Actionable comments posted: 3
Caution
Some comments are outside the diff and can’t be posted inline due to platform limitations.
⚠️ Outside diff range comments (1)
backend/app/graph/nodes/rag_enrich.py (1)
164-169:⚠️ Potential issue | 🔴 Critical빈 문서 경로에서 이벤트가 누락되어 클라이언트가 "중단" 상태로 남습니다.
docs가 비어 있을 때 (Line 166-169)enrichment_start는 이미 발행되었지만enrichment_complete나enrichment_error가 발행되지 않고 바로 반환됩니다. SSE 구독자 관점에서 RAG enrichment가 영원히 진행 중인 것처럼 보이게 됩니다.제안된 수정
docs = _build_documents_from_context(repo_context) if not docs: + if evaluation_id: + event_channel.emit_sync( + evaluation_id, + create_sommelier_event( + evaluation_id=evaluation_id, + sommelier="rag", + event_type="enrichment_complete", + progress_percent=100, + message="RAG enrichment complete (no documents)", + ), + ) return { "rag_context": {"query": query, "chunks": [], "error": None}, }
🤖 Fix all issues with AI agents
In `@backend/app/graph/nodes/code_analysis_enrich.py`:
- Around line 101-112: The event message always says "Code analysis complete"
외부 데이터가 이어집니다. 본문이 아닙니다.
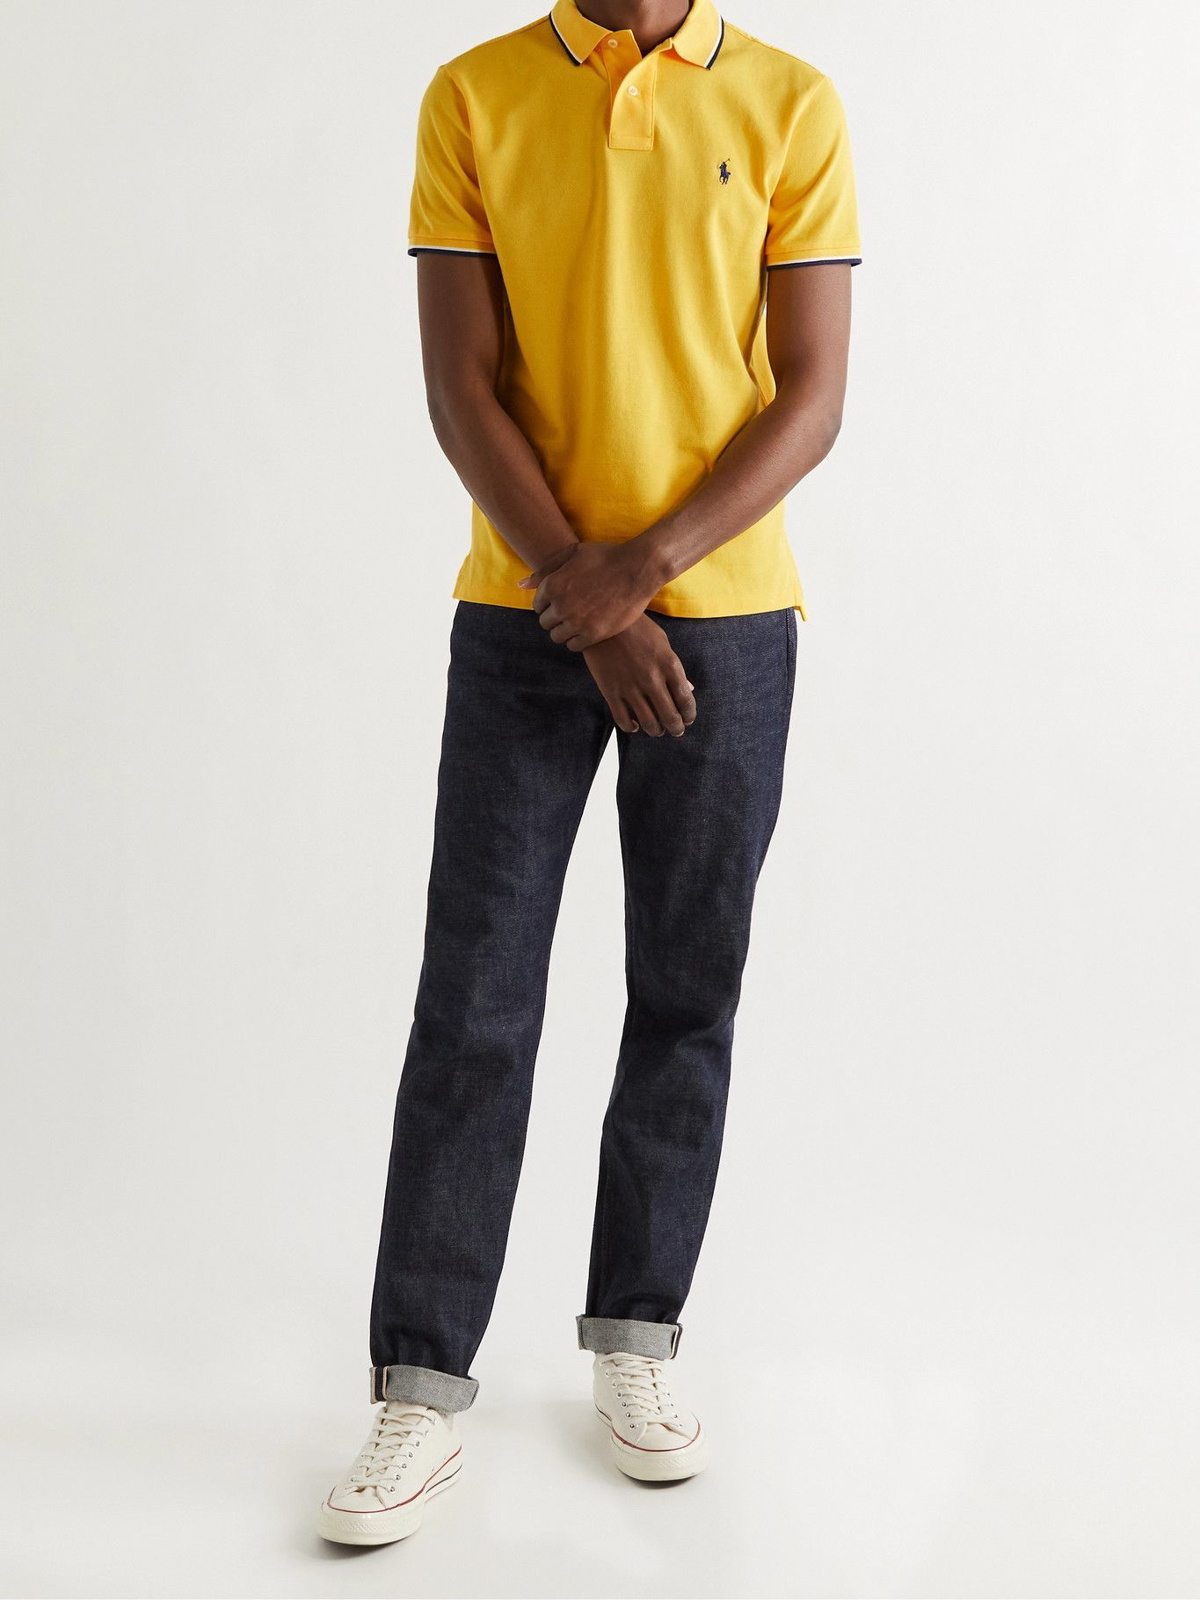 Polo Ralph Lauren Brasil Custom Fit Cotton Piqué Polo in Yellow
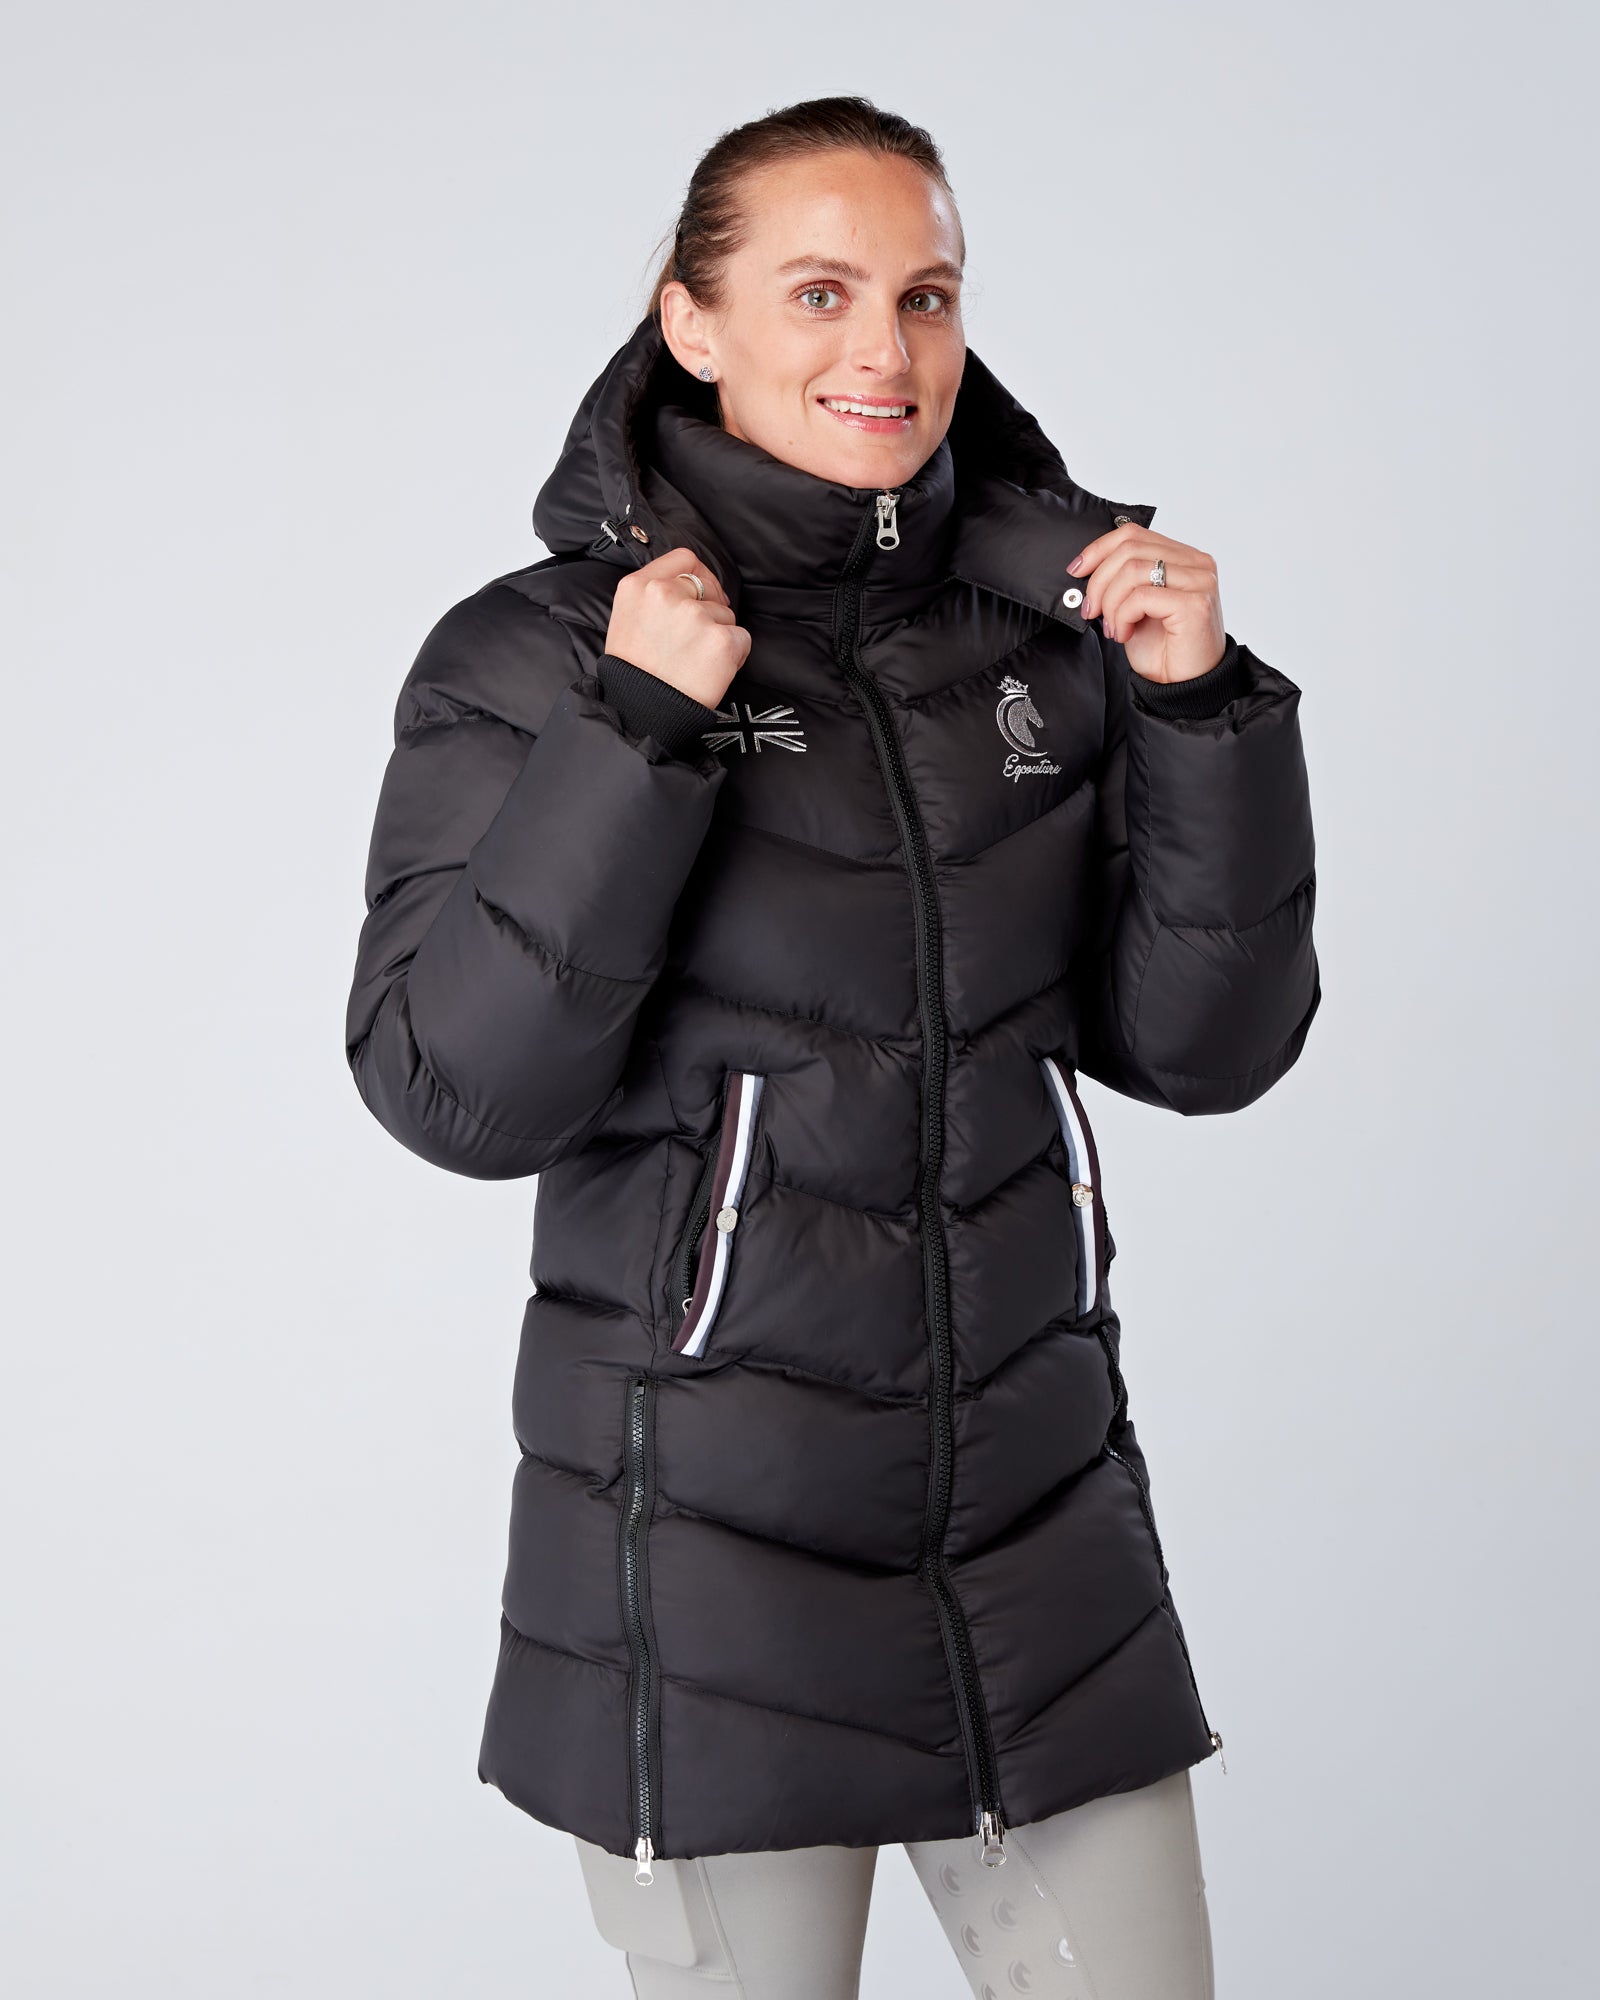 Exclusive Long Black Puffer Coat / Jacket 2.0 - Detachable Hood

even when the local variable status can be "skipped" or "partial"; update the
block that emits the sommelier event (event_channel.emit_sync using
create_sommelier_event with evaluation_id and clone_result.main_files) to
inspect the status variable and set a message and progress appropriately (e.g.,
"Code analysis complete", "Code analysis skipped", or "Code analysis partial (X
files)" and corresponding progress_percent) so the SSE payload accurately
reflects status instead of always reporting completion.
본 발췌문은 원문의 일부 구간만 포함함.